Covid-19 has made protocols newly fashionable, certainly in claims. Protocols are making a virtue of necessity, and if successful will remove pinch-points and blockages in the claims journey to keep the industry and our customers going through the lockdown and beyond.

Market players are learning fast how to collaborate. Collaboration runs counter to the adversarial foundations of our civil justice system. But Covid-19 has not only forced our industry to re-engineer our operating models, it is now making us re-think how we behave.

In truth, collaborative models are not new. Many insurers and claims services suppliers have had good working relationships for a while and, at Minster Law, these have evolved into genuine partnerships that reduce friction, build trust and improve the customer journey. Note to industry: we all share the same customers.

In credit hire, the GTA, a voluntary protocol that insurers and credit hire companies use to manage replacement vehicle motor claims, has been in existence since 1999, and is a force for good in bringing more order to a sector which ten years ago had a reputation for ultra-aggressive tactics.

Now, the ABI personal injury protocol, created during the last two weeks, has been signed by around 150 law firms. It’s not perfect, but it will surely be adapted and amended to enhance its effectiveness.

An ACSO-led initiative has agreed changes to non-Medco reporting and rehabilitation, building on work already done by Medco itself. The prime objective is to move medical reports and rehabilitation to remote operating, so ensuring injured people can settle their claim and, more importantly, continue to receive treatment they need, rather than use the NHS.

Protocol signatories have been careful to stress that these are temporary measures to help the industry survive through Covid-19, but I disagree. Once the genie of collaboration is fully out of the bottle it can’t be stoppered.

And it is self-evidently in the interests of customers that collaboration is nurtured.
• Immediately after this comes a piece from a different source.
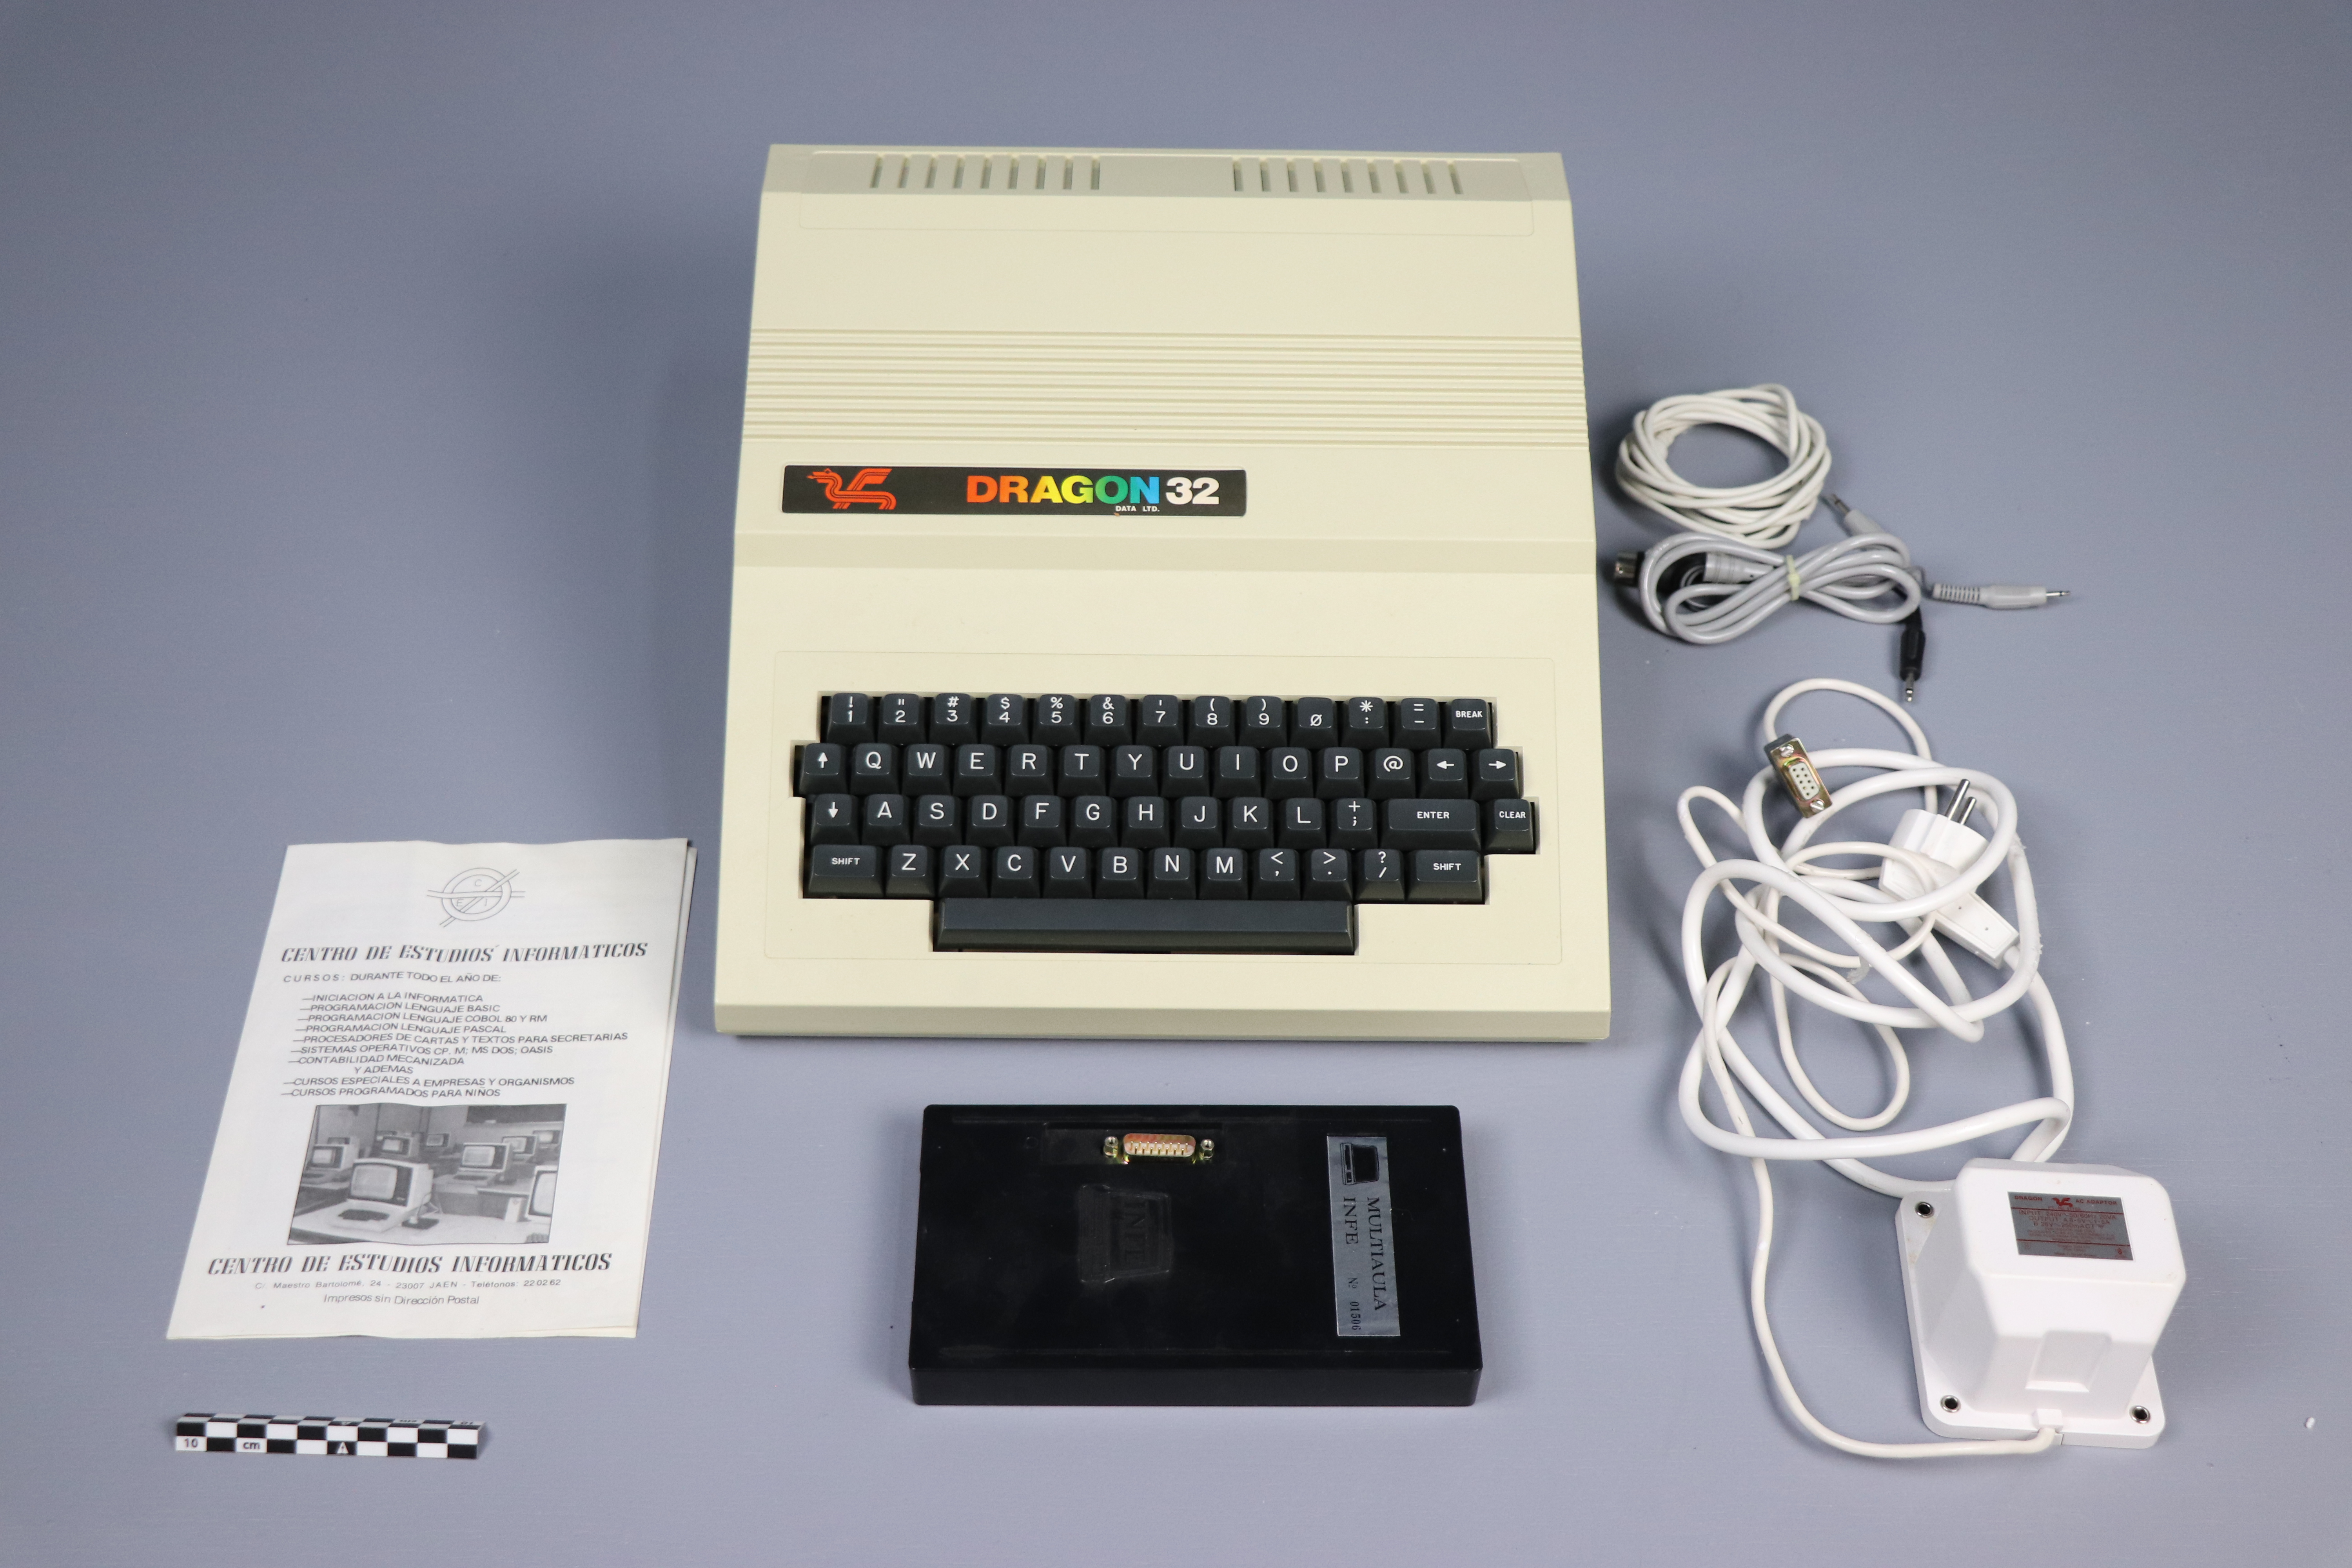 Computadora DRAGOn de los años 80 en exposición
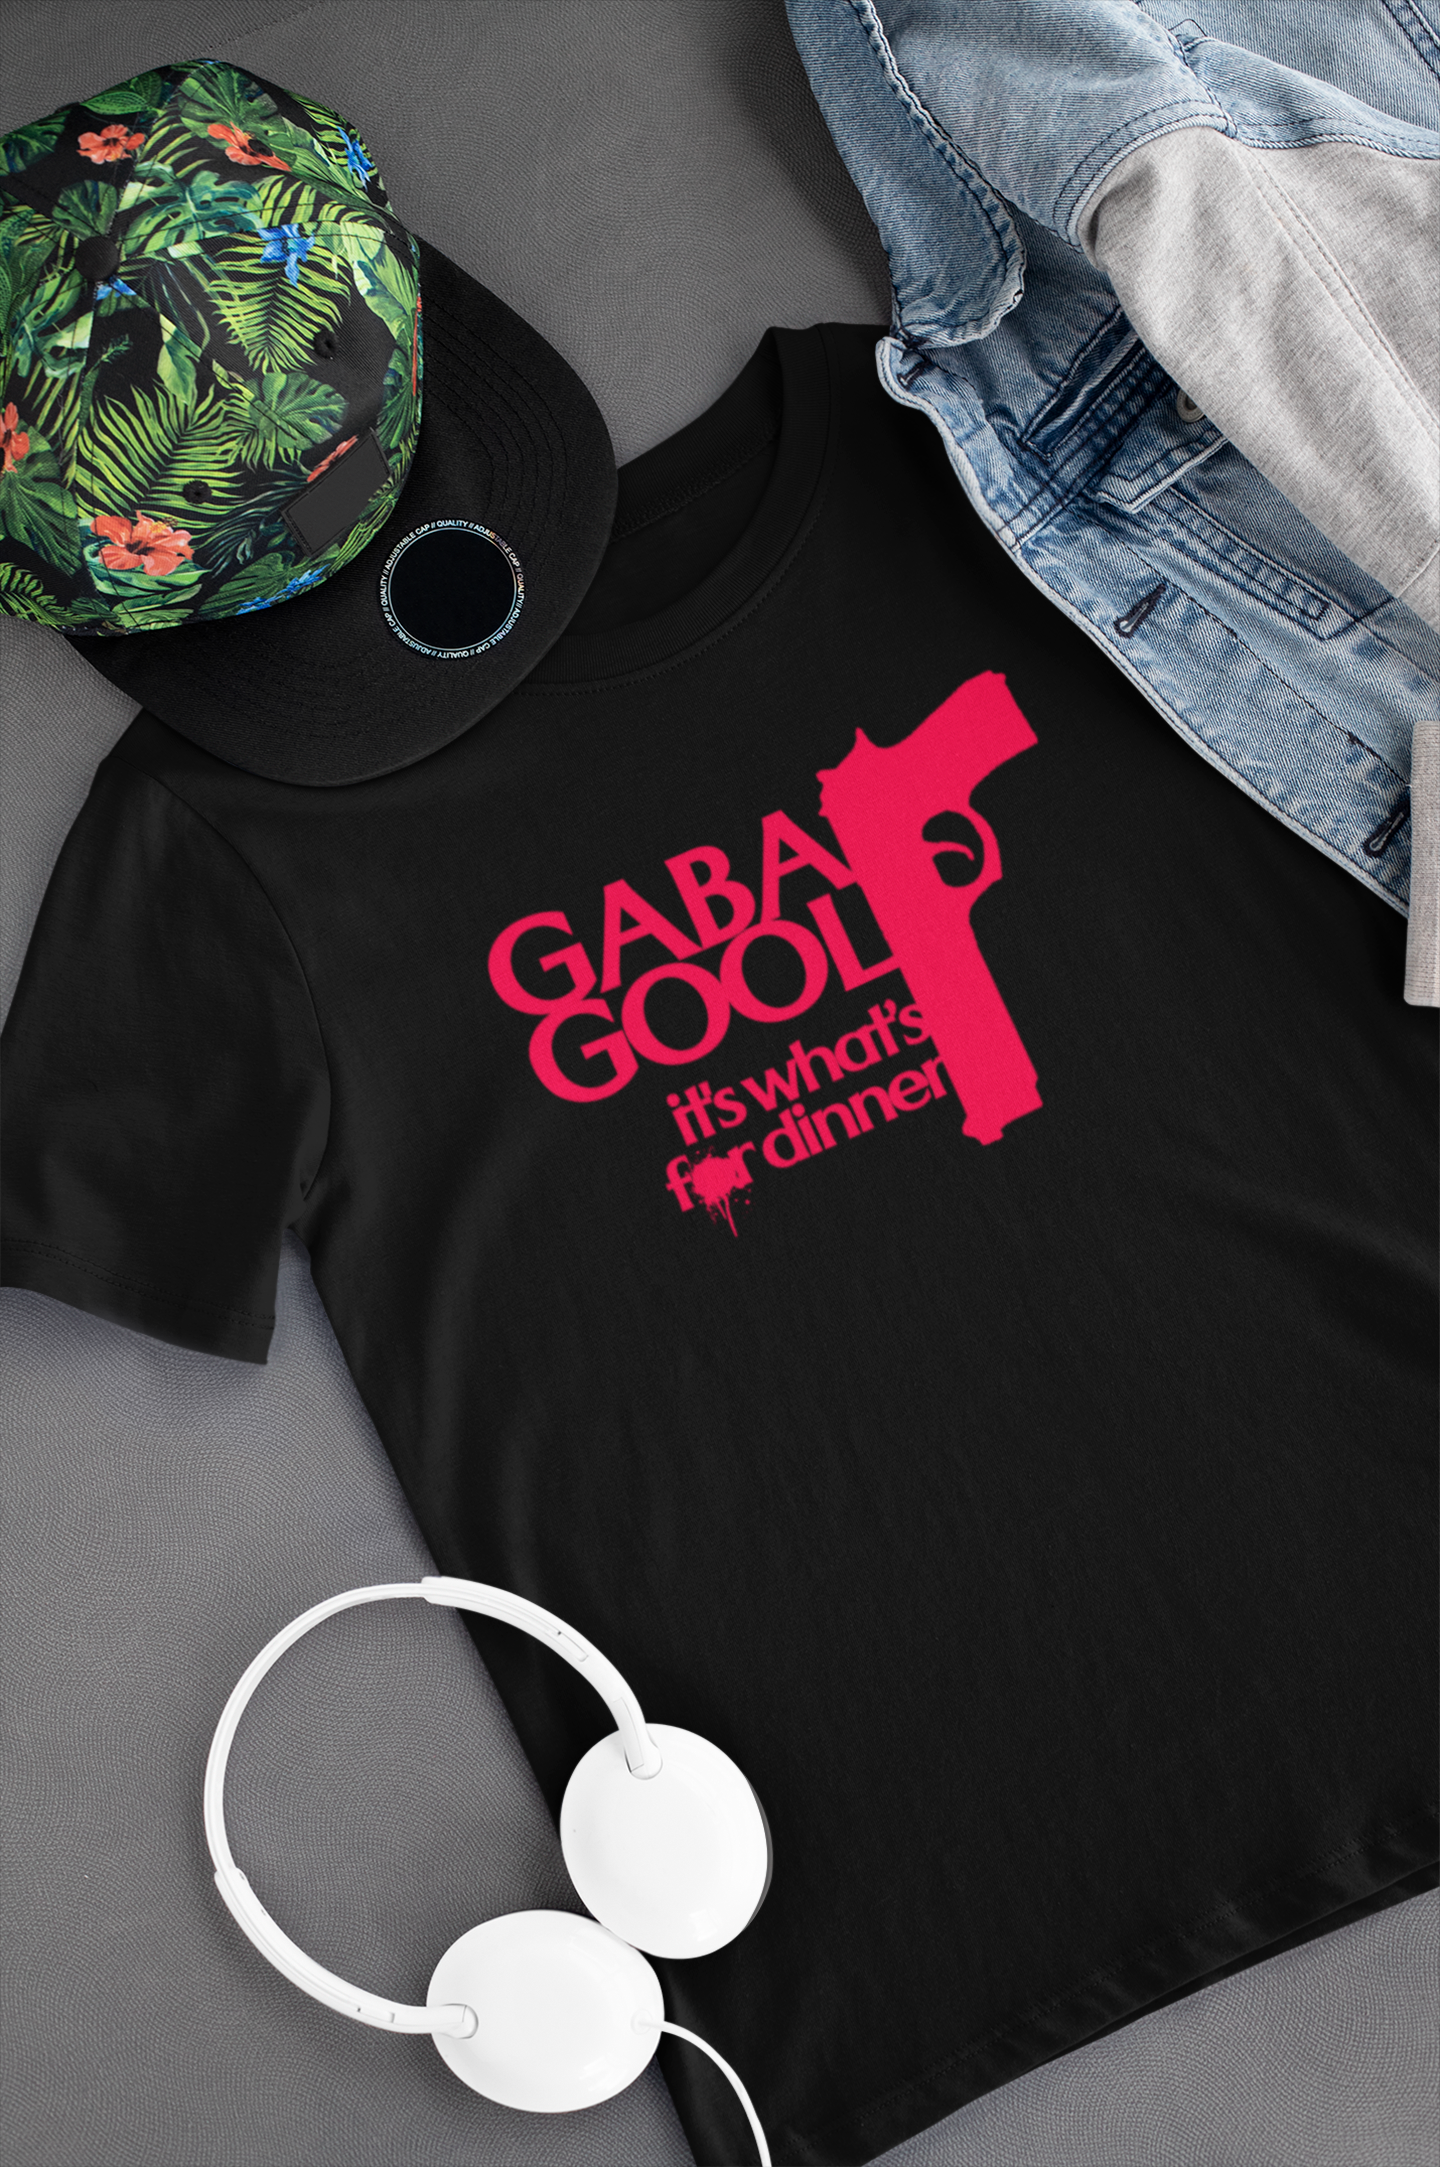 Camiseta "Gabagool" - The Sopranos - Séries de TV

If the claims industry as a whole had agreed a protocol for the personal injury reforms, there would have been no need for government intervention, and resulting legislation which has created a multitude of problems that risk customer detriment..

Now it’s been confirmed that the LiP portal will be delayed until next year, we should use the extra time and the precedents set by the new protocols to rethink what we’re trying to do. If we can compromise on PI claims now, as well as medical reporting and rehab, why not the whiplash reforms, or clinical negligence, or the nature of compensation itself, where the principle of money-based redress has caused decades of venality and poor behaviour.

The current crisis threatens the status quo…. but it threatens it in a good way as well as bad. Of course, many businesses are understandably worried about their survival if the lockdown continues, but the preservation instinct has generated very different approaches to problem-solving which are hugely exciting for the future.

After wars finished, collaborators usually met a sticky end. The word still has a pejorative meaning, but only if you view our business as a binary conflict between implacable enemies.

I urge the whole of the claims industry to see ourselves and what we do through a different lens. It might just give us a clue as to how we will conduct business when this is all over.